Records from a data collection:
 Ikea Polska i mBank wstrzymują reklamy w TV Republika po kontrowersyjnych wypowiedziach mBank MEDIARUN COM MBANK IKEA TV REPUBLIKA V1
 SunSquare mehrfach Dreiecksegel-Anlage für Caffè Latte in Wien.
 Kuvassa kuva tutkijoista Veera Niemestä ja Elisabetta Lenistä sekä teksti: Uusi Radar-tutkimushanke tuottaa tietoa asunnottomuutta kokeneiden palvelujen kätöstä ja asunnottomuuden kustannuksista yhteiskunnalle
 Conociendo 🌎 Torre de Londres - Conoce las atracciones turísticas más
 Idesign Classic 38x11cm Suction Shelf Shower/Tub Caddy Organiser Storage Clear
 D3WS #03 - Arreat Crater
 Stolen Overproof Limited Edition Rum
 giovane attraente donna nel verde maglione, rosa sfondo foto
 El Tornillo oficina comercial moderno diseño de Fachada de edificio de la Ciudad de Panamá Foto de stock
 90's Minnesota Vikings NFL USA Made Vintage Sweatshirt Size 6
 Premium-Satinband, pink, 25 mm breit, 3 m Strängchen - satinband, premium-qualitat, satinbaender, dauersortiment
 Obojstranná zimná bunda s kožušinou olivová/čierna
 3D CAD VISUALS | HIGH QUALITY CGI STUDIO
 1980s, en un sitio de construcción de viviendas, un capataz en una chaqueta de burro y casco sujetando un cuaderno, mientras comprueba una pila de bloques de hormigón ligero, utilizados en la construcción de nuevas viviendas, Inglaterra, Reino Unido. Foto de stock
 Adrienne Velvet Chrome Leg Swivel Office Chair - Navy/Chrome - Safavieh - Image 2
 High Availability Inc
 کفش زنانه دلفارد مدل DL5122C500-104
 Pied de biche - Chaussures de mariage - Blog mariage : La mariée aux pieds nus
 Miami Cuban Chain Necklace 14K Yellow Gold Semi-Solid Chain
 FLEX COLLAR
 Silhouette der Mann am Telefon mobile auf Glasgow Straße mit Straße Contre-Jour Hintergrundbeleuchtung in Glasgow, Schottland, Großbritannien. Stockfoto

▶ Requirement:
Nothing but the lines from the top of the entries above through the line with "Conociendo 🌎 Torre" should be set down, each exactly as written.

▶ Result:
 Ikea Polska i mBank wstrzymują reklamy w TV Republika po kontrowersyjnych wypowiedziach mBank MEDIARUN COM MBANK IKEA TV REPUBLIKA V1
 SunSquare mehrfach Dreiecksegel-Anlage für Caffè Latte in Wien.
 Kuvassa kuva tutkijoista Veera Niemestä ja Elisabetta Lenistä sekä teksti: Uusi Radar-tutkimushanke tuottaa tietoa asunnottomuutta kokeneiden palvelujen kätöstä ja asunnottomuuden kustannuksista yhteiskunnalle
 Conociendo 🌎 Torre de Londres - Conoce las atracciones turísticas más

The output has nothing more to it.